Elasticsearch first writes your updates to the primary shard and then sends this change to all the replica shards. An uncommon issue can occur if multiple users of your Elasticsearch-based application make updates to existing documents in the same index. In this situation, another user can read and update a document from a replica before it receives your update from the primary shard. Your update operation then ends up updating an older version of the document. In the best case, you and the other user make the same changes, and the document remains accurate.

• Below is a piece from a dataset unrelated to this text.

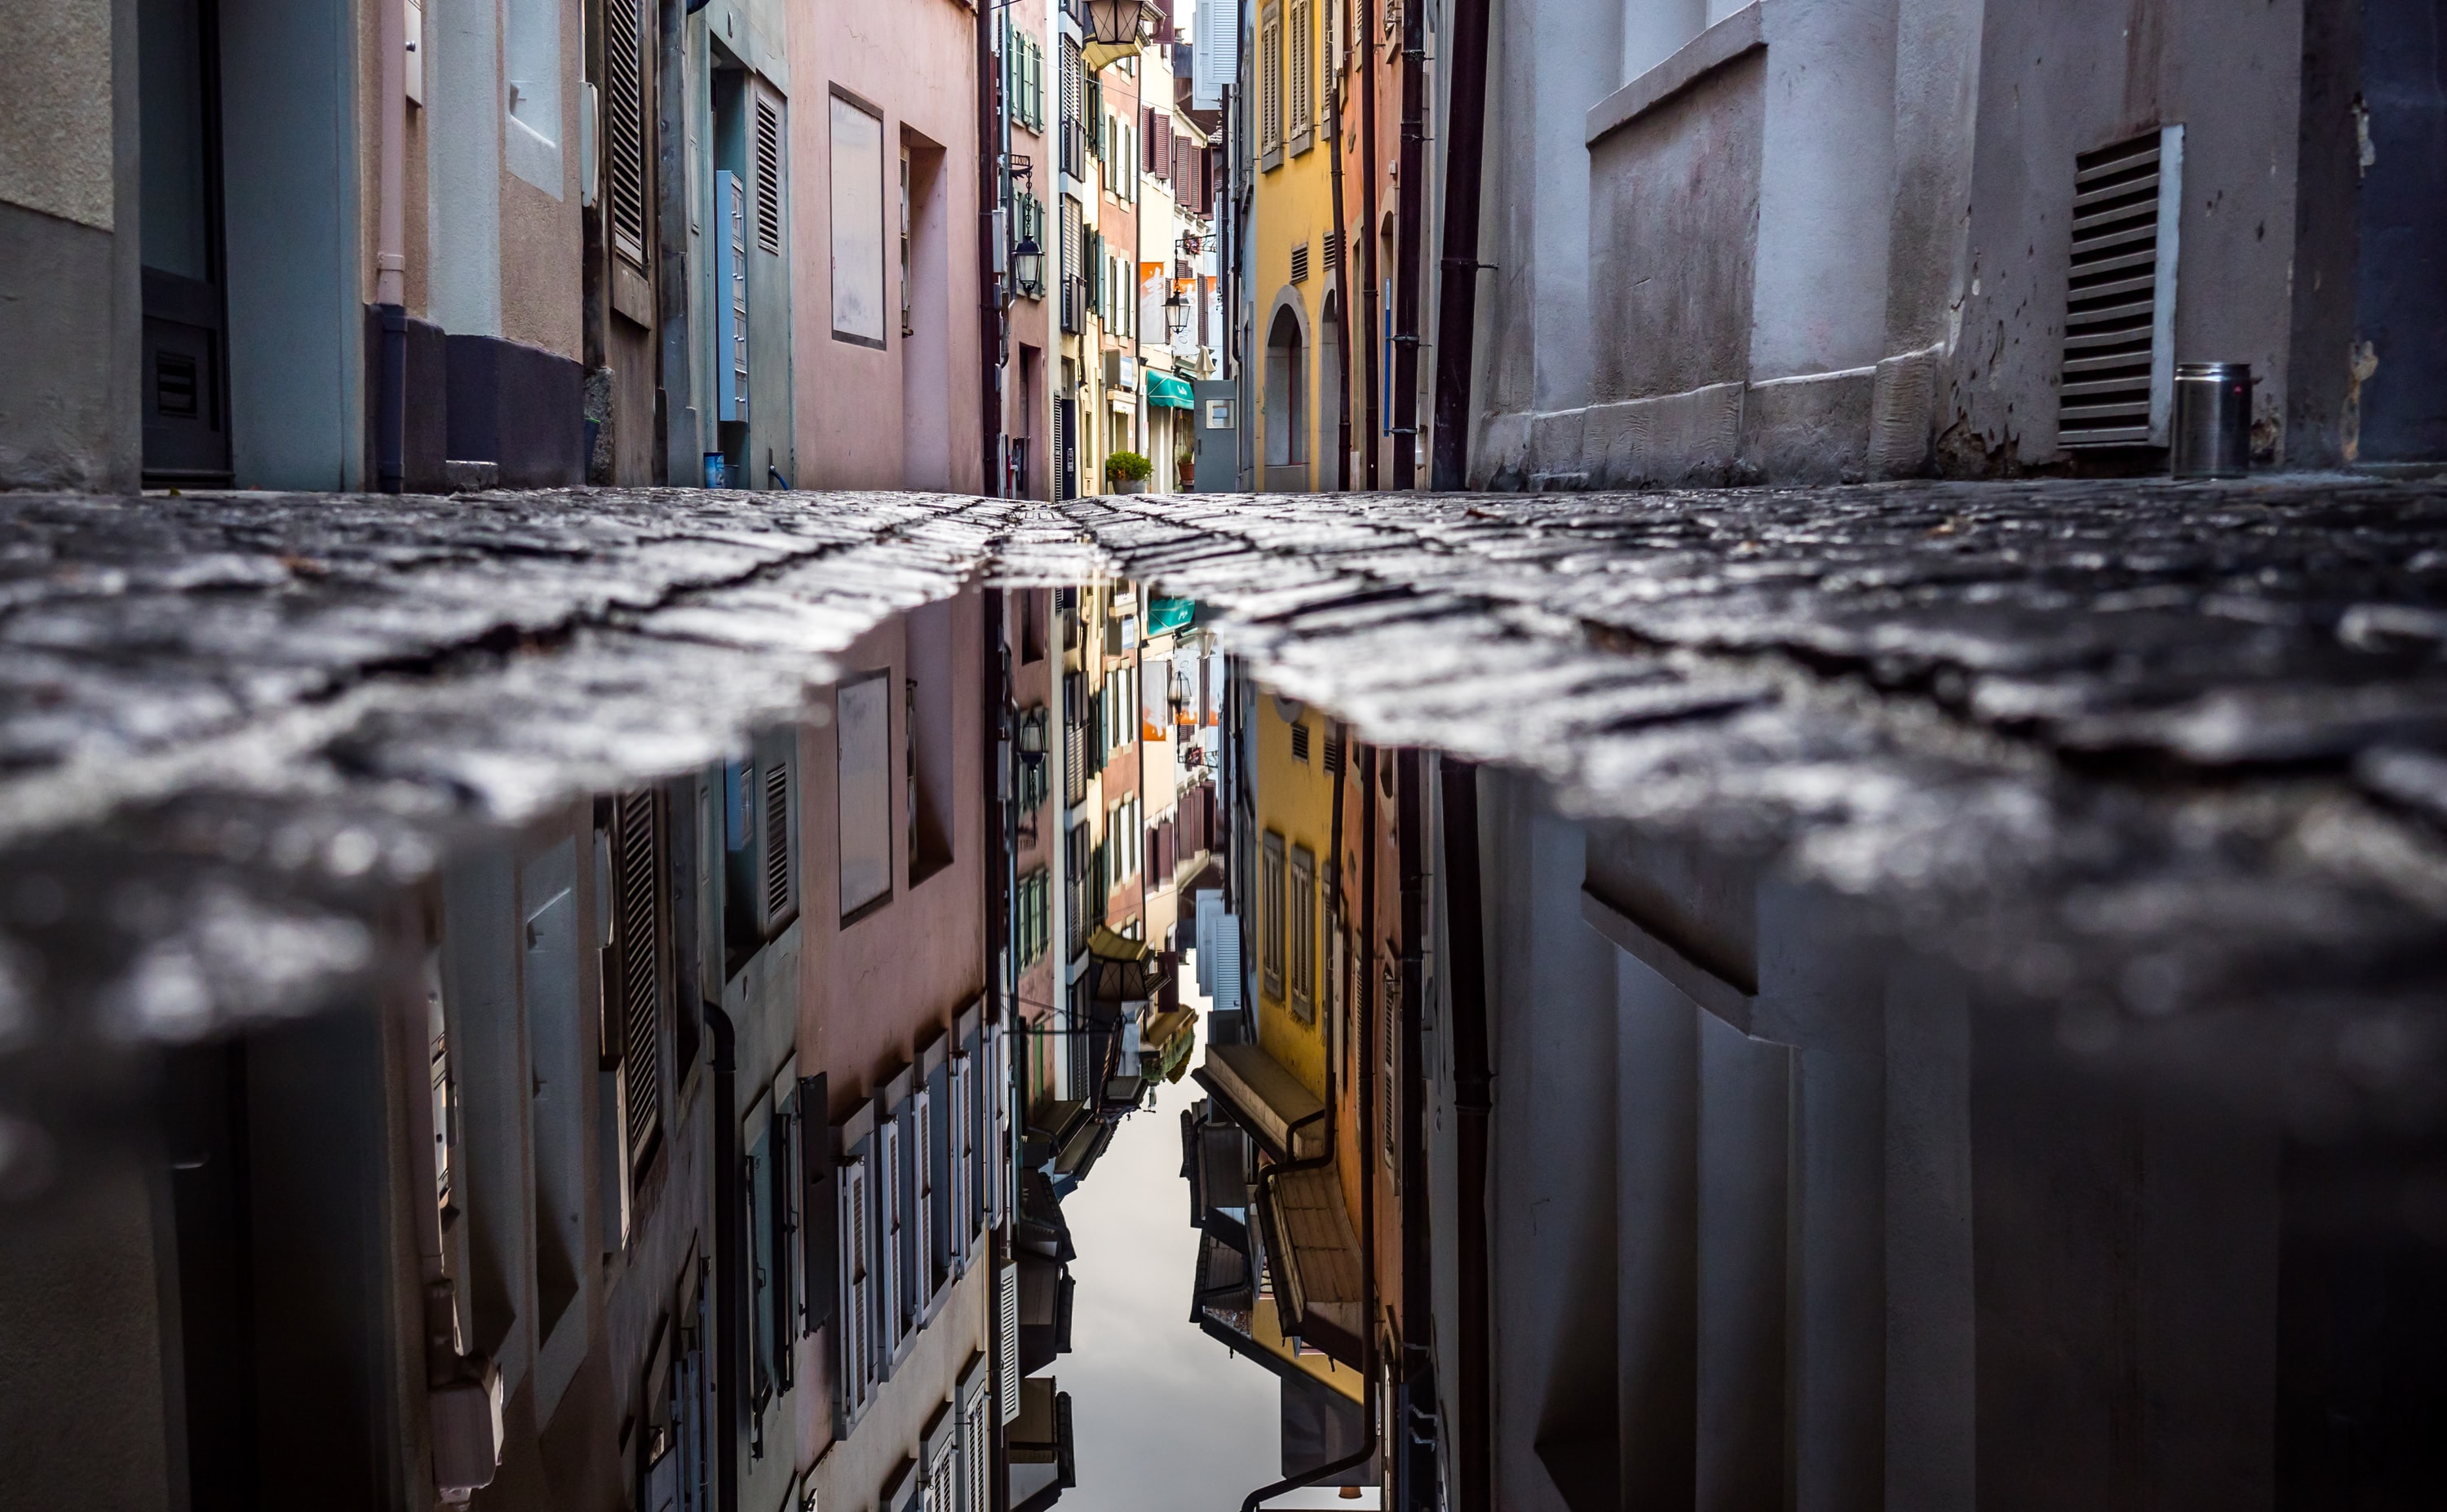 Mirrored alleyway in Switzerland.

In the worst case, the document now contains out-of-date information.

To prevent this situation, use the _seq_no and _primary_term values in the request header:

POST movies/_update/2?if_seq_no=3&if_primary_term=1
{
  "doc": {
    "title": "Castle in the Sky",
    "genre": ["Animation", "Fantasy"]
  }
}

If the document is updated after we retrieved it, the _seq_no and _primary_term values are different and our update operation fails with a 409 — Conflict error.

When using the _bulk API, specify the _seq_no and _primary_term values within the action metadata.

Delete data

To delete a document from an index, use a DELETE request:

DELETE movies/_doc/1

The DELETE operation increments the _version field. If you add the document back to the same ID, the _version field increments again. This behavior occurs because Elasticsearch deletes the document _source, but retains its metadata.